** Records follows **

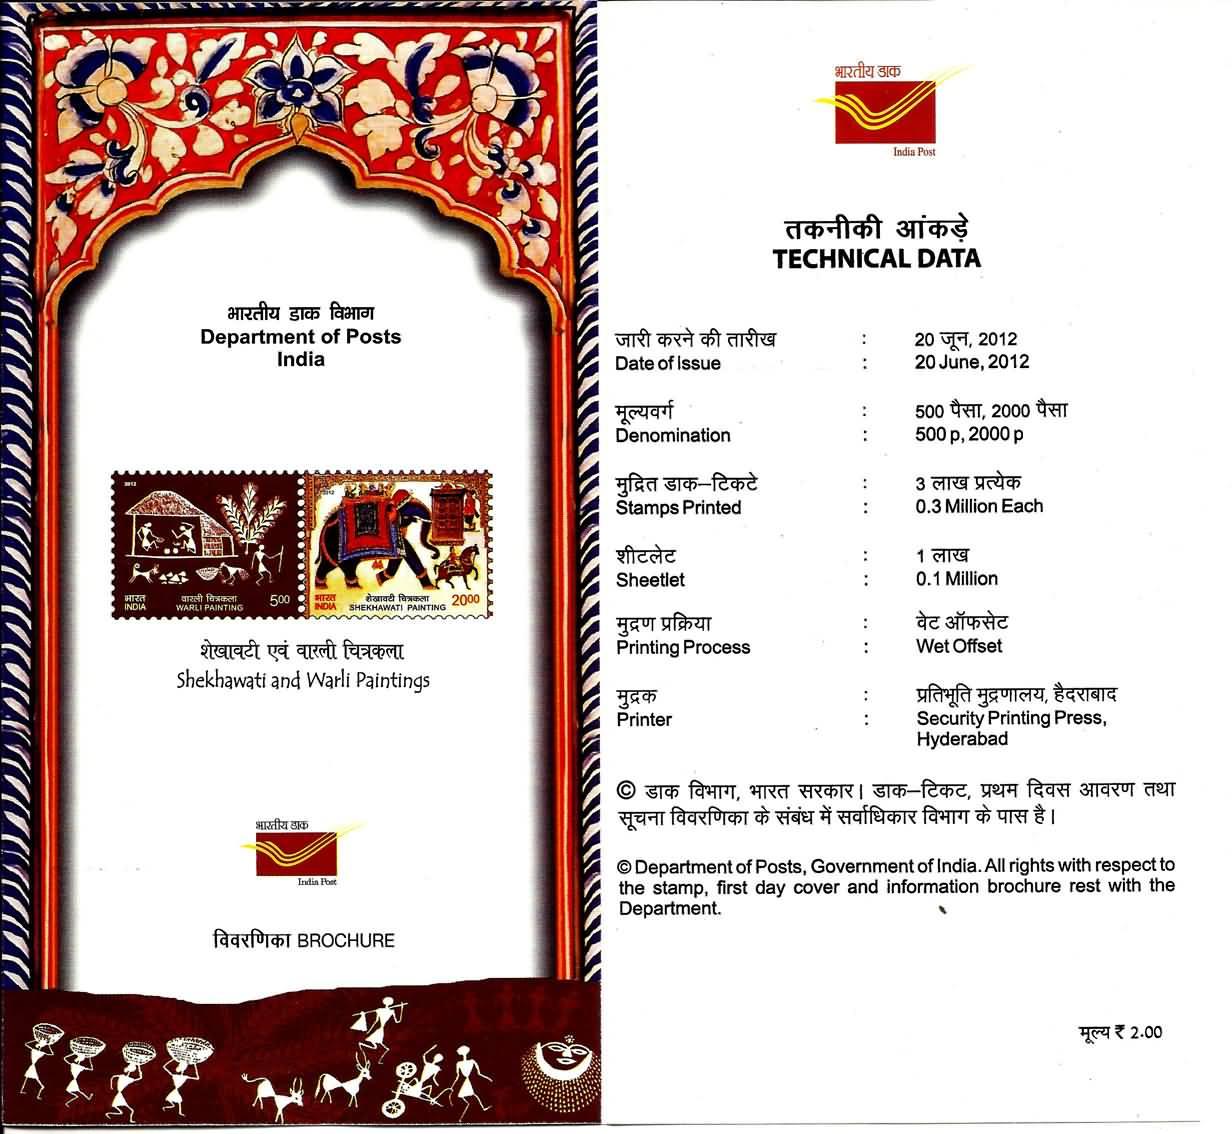 http://www.stampsofindia.com/lists/brochures/2012brochure2298-99.jpg
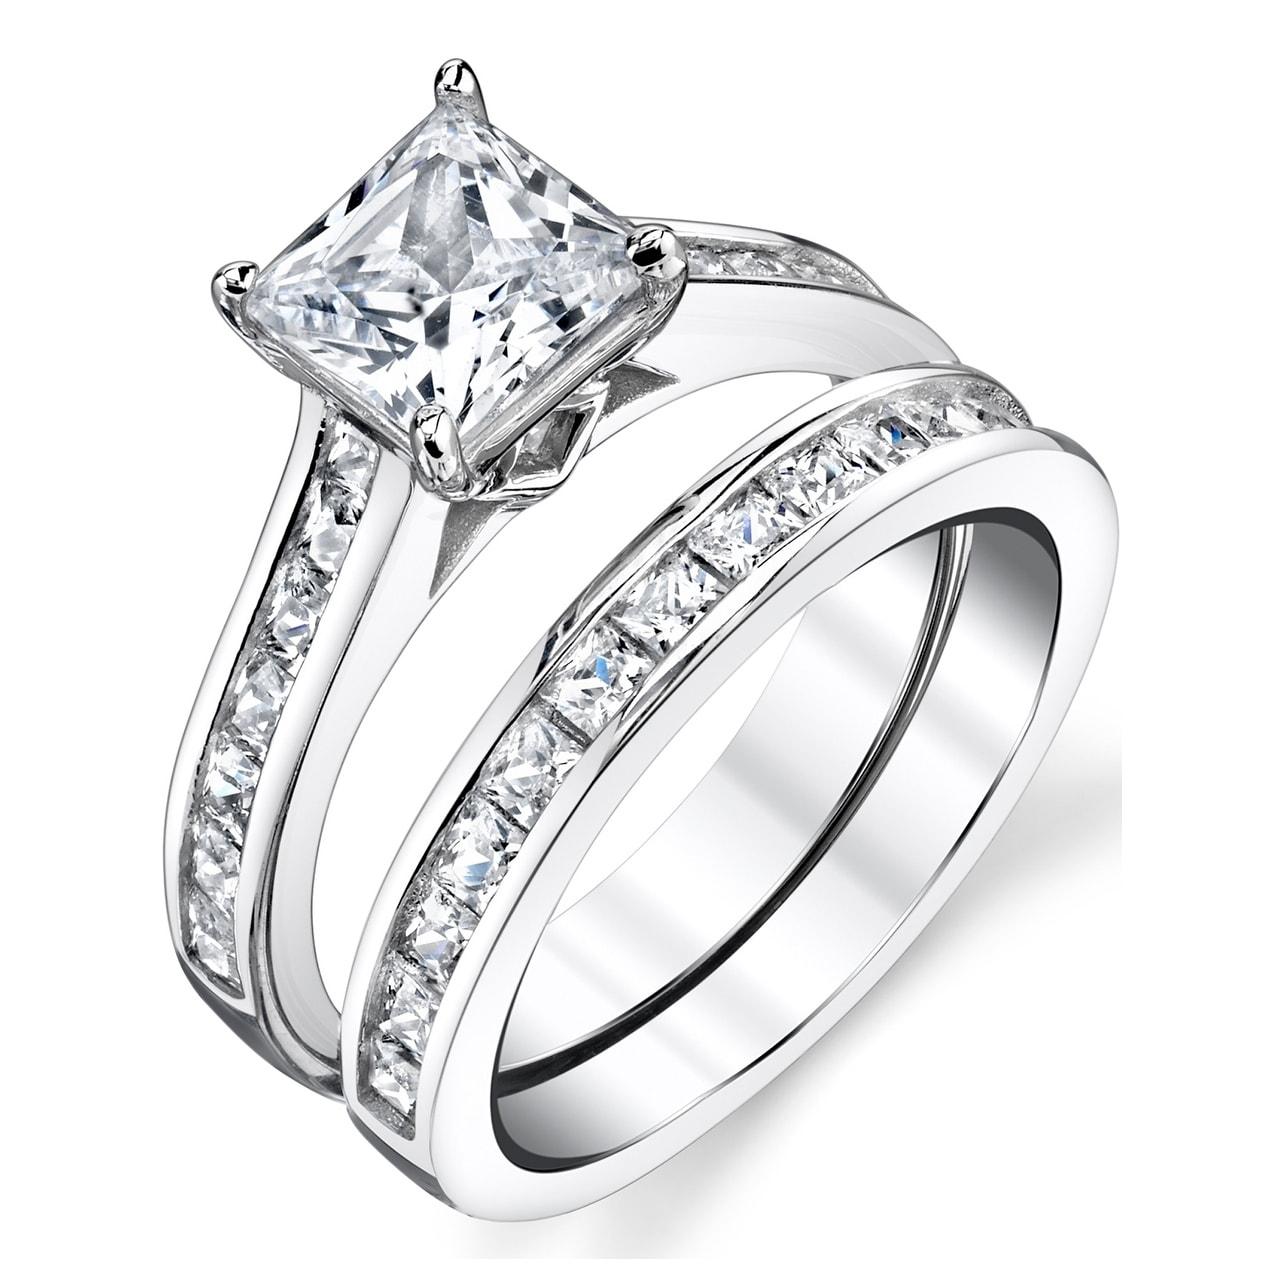 Shop Oliveti Sterling Silver Princess Cut Engagement Ring Bridal Set
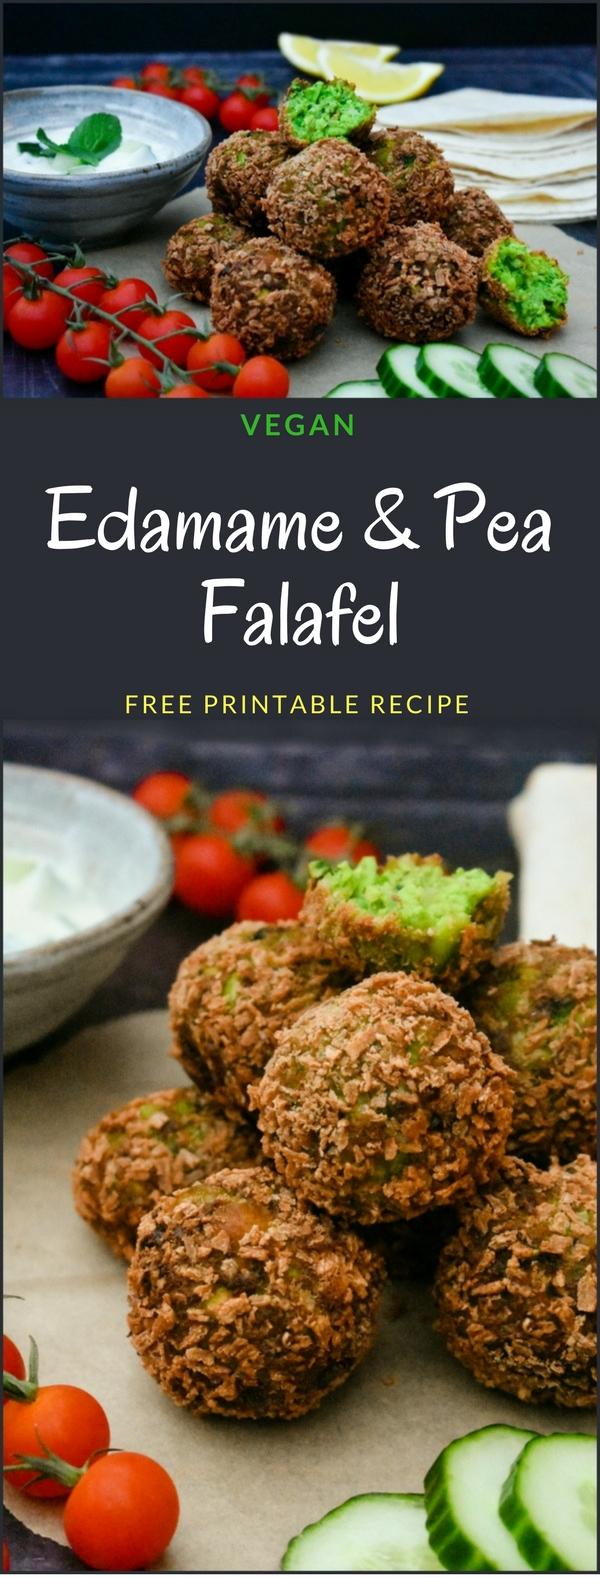 Green Edamame & Pea Falafel with a Yoghurt, Cucumber & Mint Dip (vegan recipe)
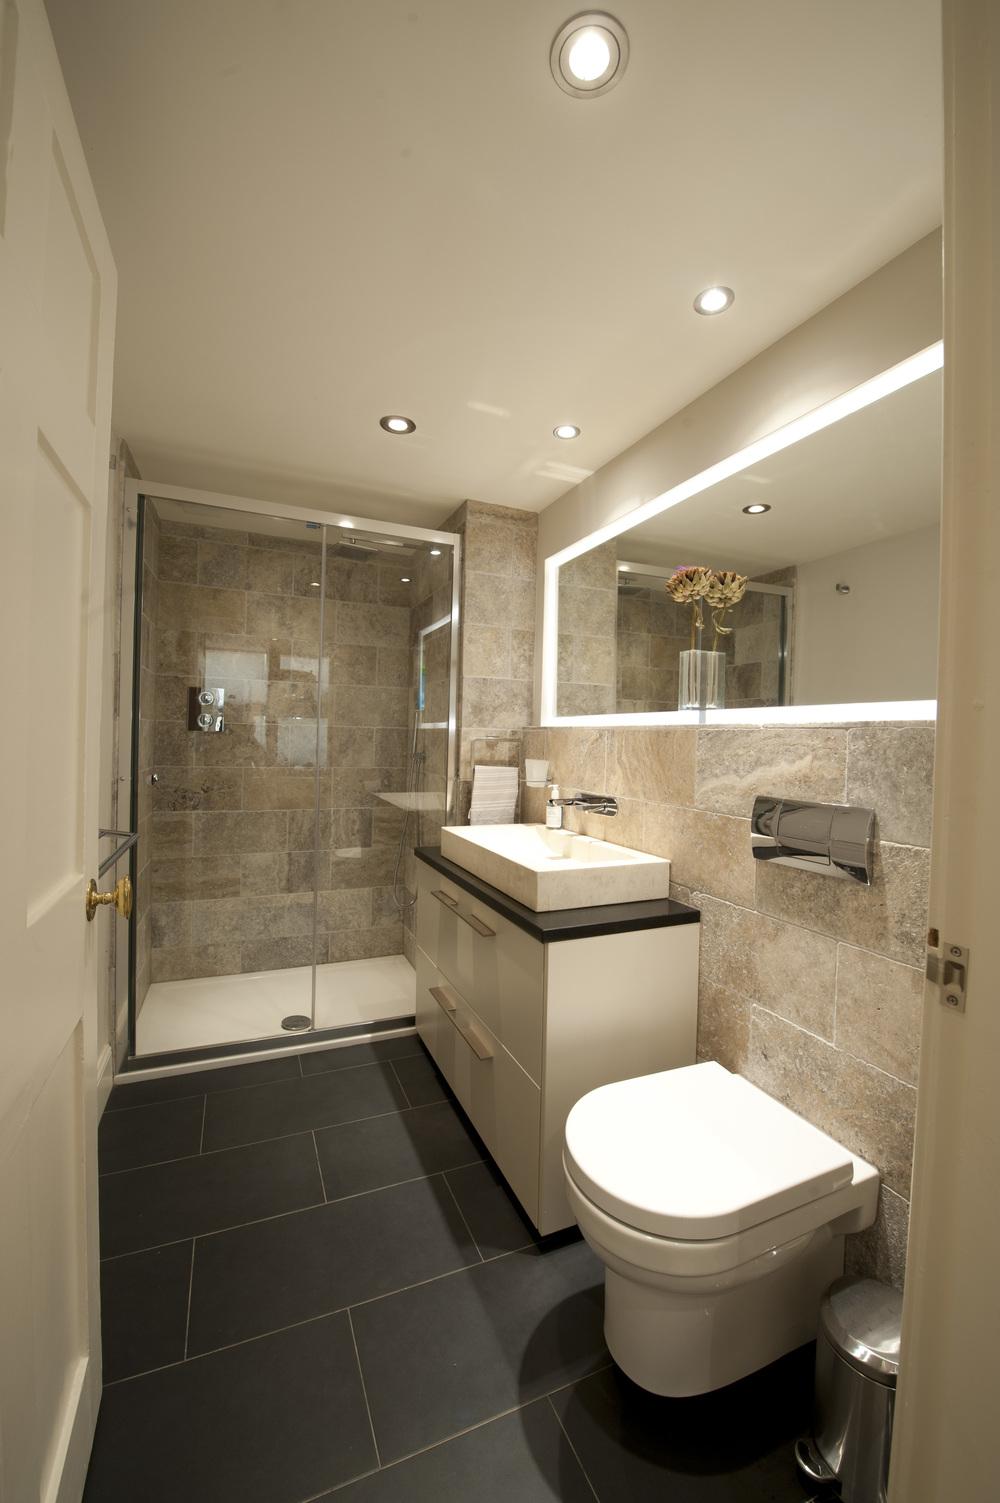 Bathroom_34 Regent St 23.jpg
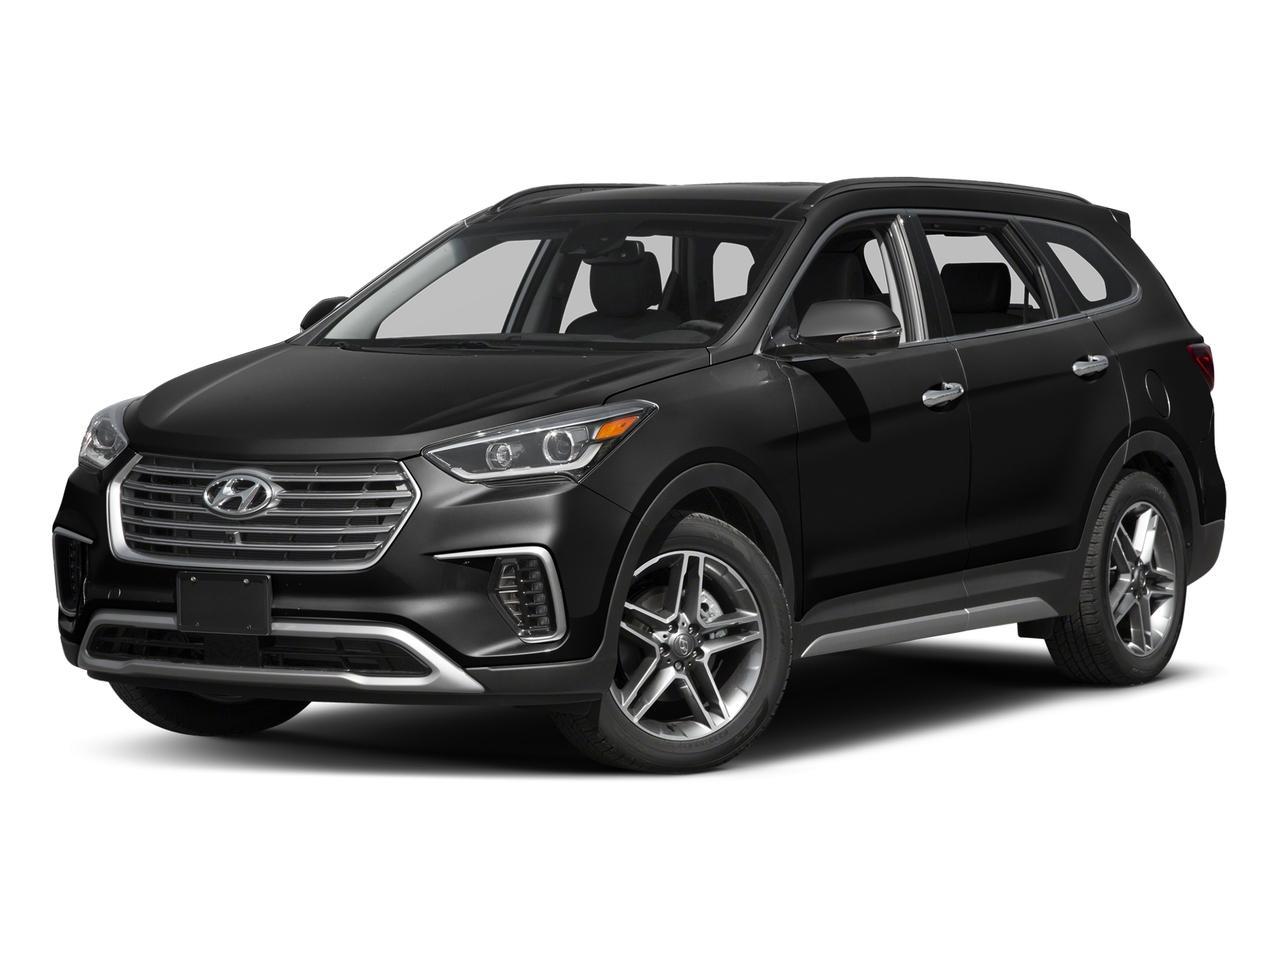 2017 Hyundai Santa Fe Vehicle Photo in Odessa, TX 79762

** End of Records **

◆ **How to complete this task**
Each line above should be set down exactly as written, with pictures excluded.

◆ **Answer to this problem**
 http://www.stampsofindia.com/lists/brochures/2012brochure2298-99.jpg
 Shop Oliveti Sterling Silver Princess Cut Engagement Ring Bridal Set
 Green Edamame & Pea Falafel with a Yoghurt, Cucumber & Mint Dip (vegan recipe)
 Bathroom_34 Regent St 23.jpg
 2017 Hyundai Santa Fe Vehicle Photo in Odessa, TX 79762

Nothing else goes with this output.